» **Task statement**: Please restate the data that follows word for word, with the pictures left out.

» **Source material**:

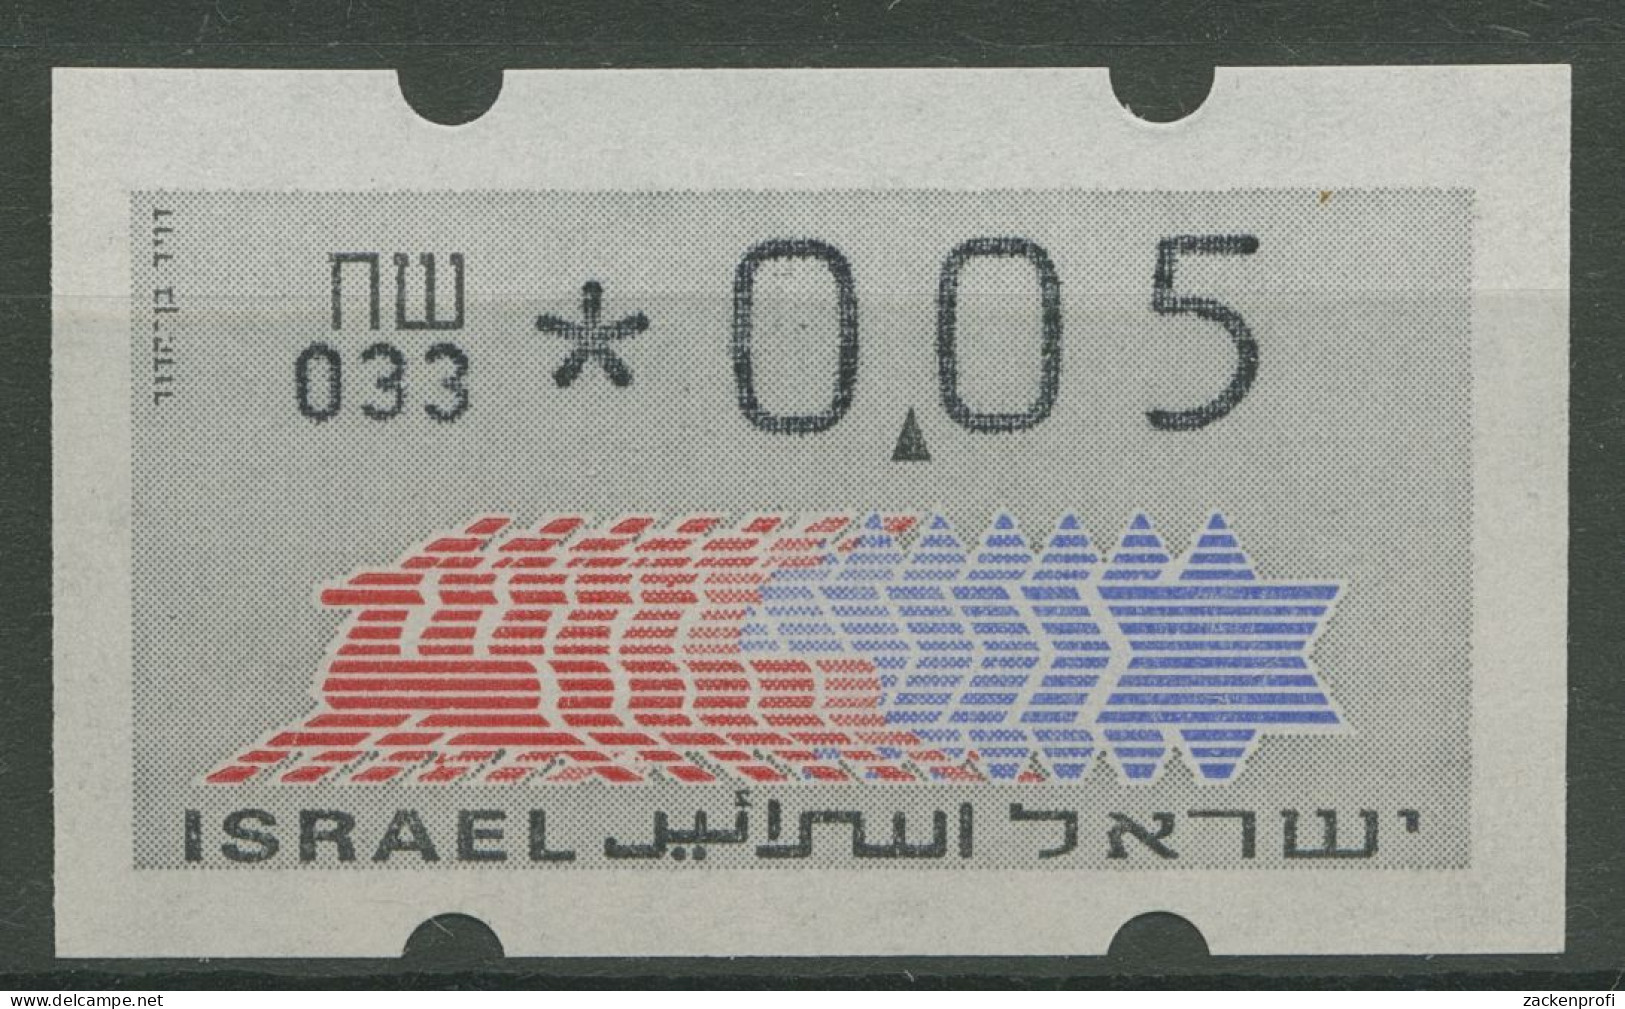 Israel ATM 1990 Hirsch Automat 033 Einzelwert ATM 3.3.33 Postfrisch - Frankeervignetten (Frama)
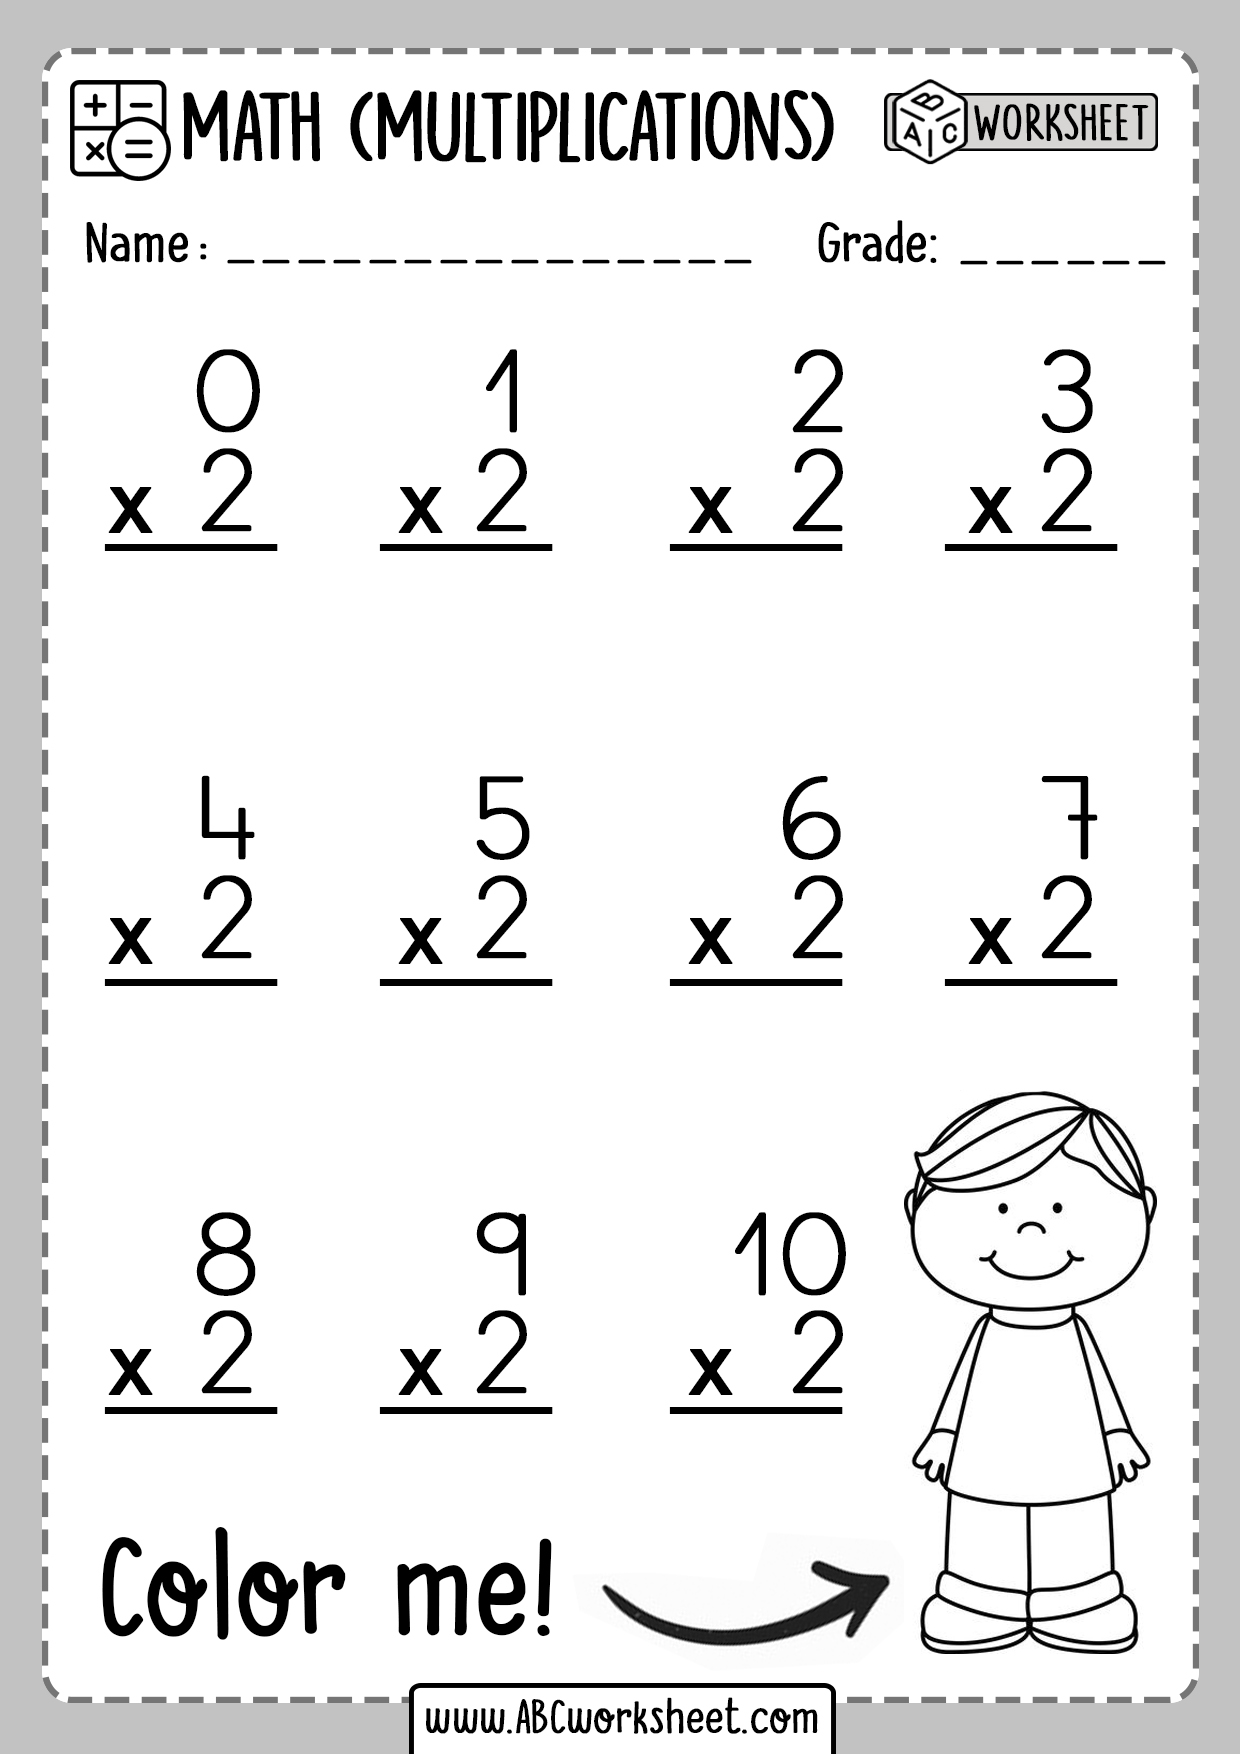  Multiplication Table Printables Worksheets D06
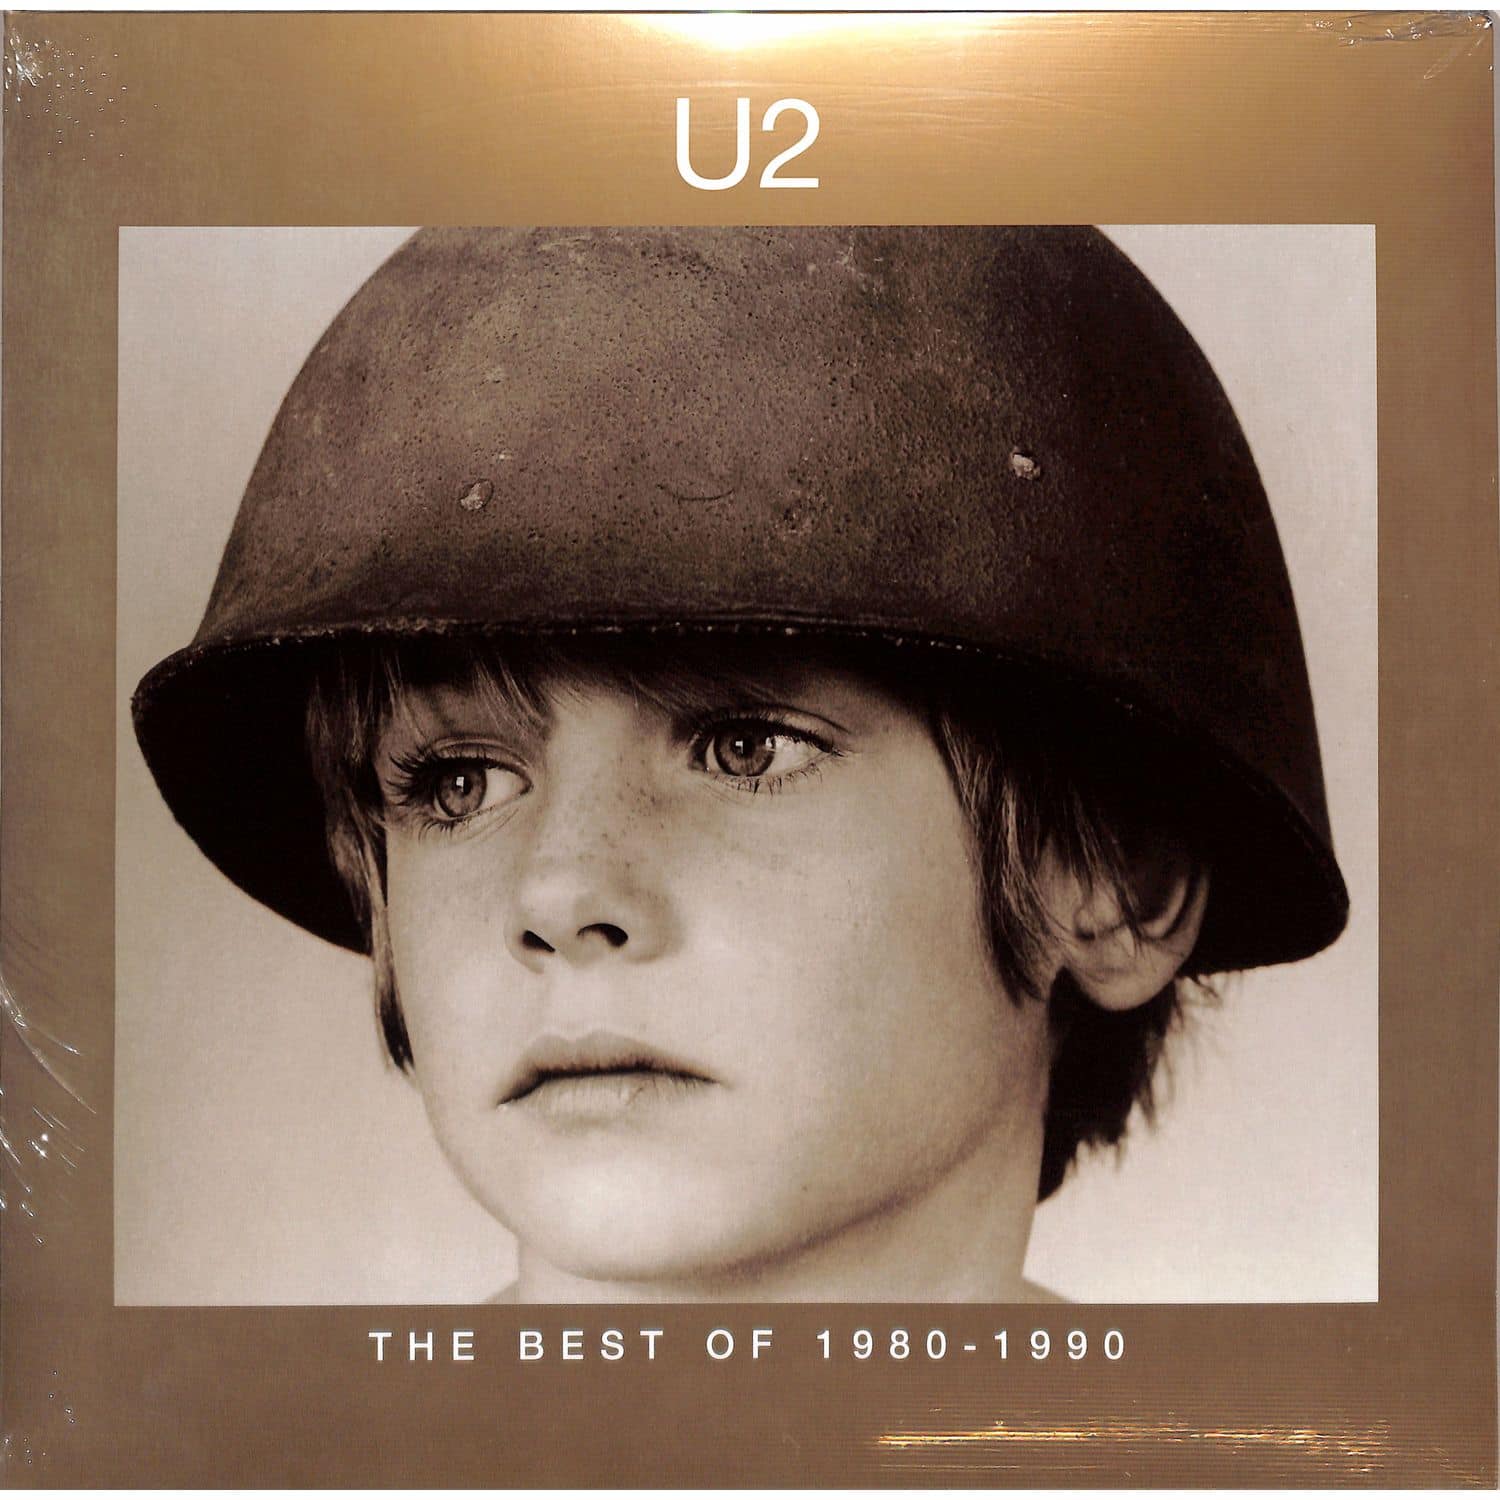 U2 - THE BEST OF 1980 - 1990

» **Finished task**:
 Israel ATM 1990 Hirsch Automat 033 Einzelwert ATM 3.3.33 Postfrisch - Frankeervignetten (Frama)
  Multiplication Table Printables Worksheets D06
 U2 - THE BEST OF 1980 - 1990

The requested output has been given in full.